Technical Details: Perl-based; rules in config; score per rule; header X-Spam-Score added. Can integrate with DKIM/SPF. Bayesian and other modules optional.

Example: A Shopify brand tests their sale email on Mail-Tester; “FREE” in the subject scores +2, “Click Here” button text scores +1.5, but valid DKIM gives -1; total score is 2.5 out of 5.0 — inbox safe. Adding “Limited time!” and a shortened URL would push the score over the threshold.

Category: Anti-Spam

Edge Cases: Rule sets vary by deployment. Custom rules can reduce false positives.
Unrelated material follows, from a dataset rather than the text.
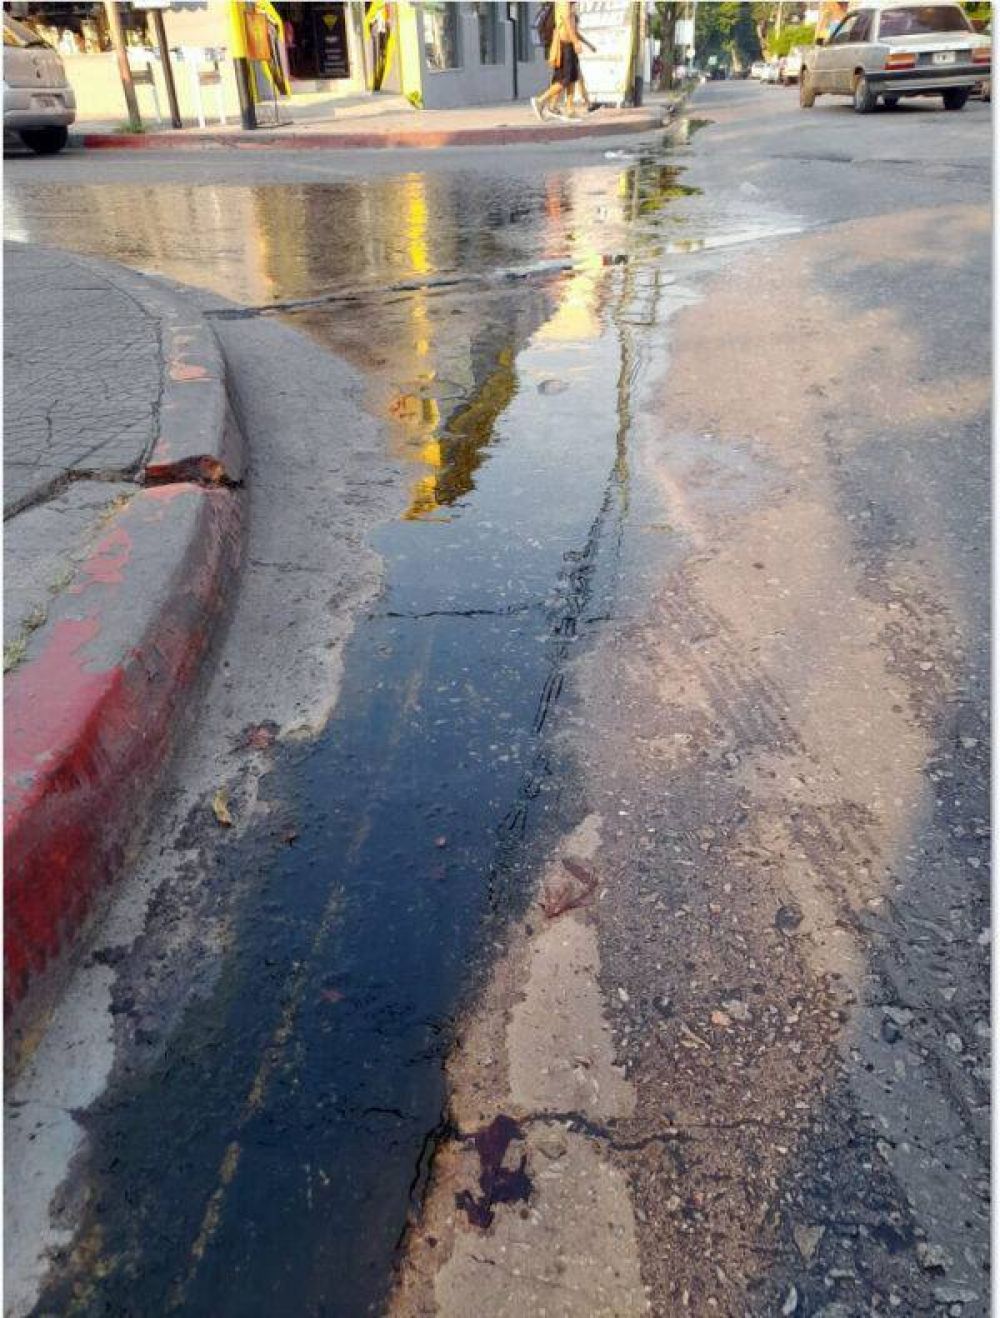 ZRATE EN PELIGRO: Muchas calles sin mantenimiento de la red de agua corriente que fluyen generando verdn y serios accidentes

Evasion (obfuscation) may trigger other rules.

Spam folder

Short Definition: The folder (e.g., Junk, Spam) where mailbox providers place messages that fail authentication, reputation, or content checks instead of the primary inbox.

Detailed Explanation: When a message is classified as spam or suspicious, it is typically delivered to the spam folder rather than rejected. Users can review and move messages; senders see this as poor inbox placement. Improving authentication and reputation moves mail to inbox.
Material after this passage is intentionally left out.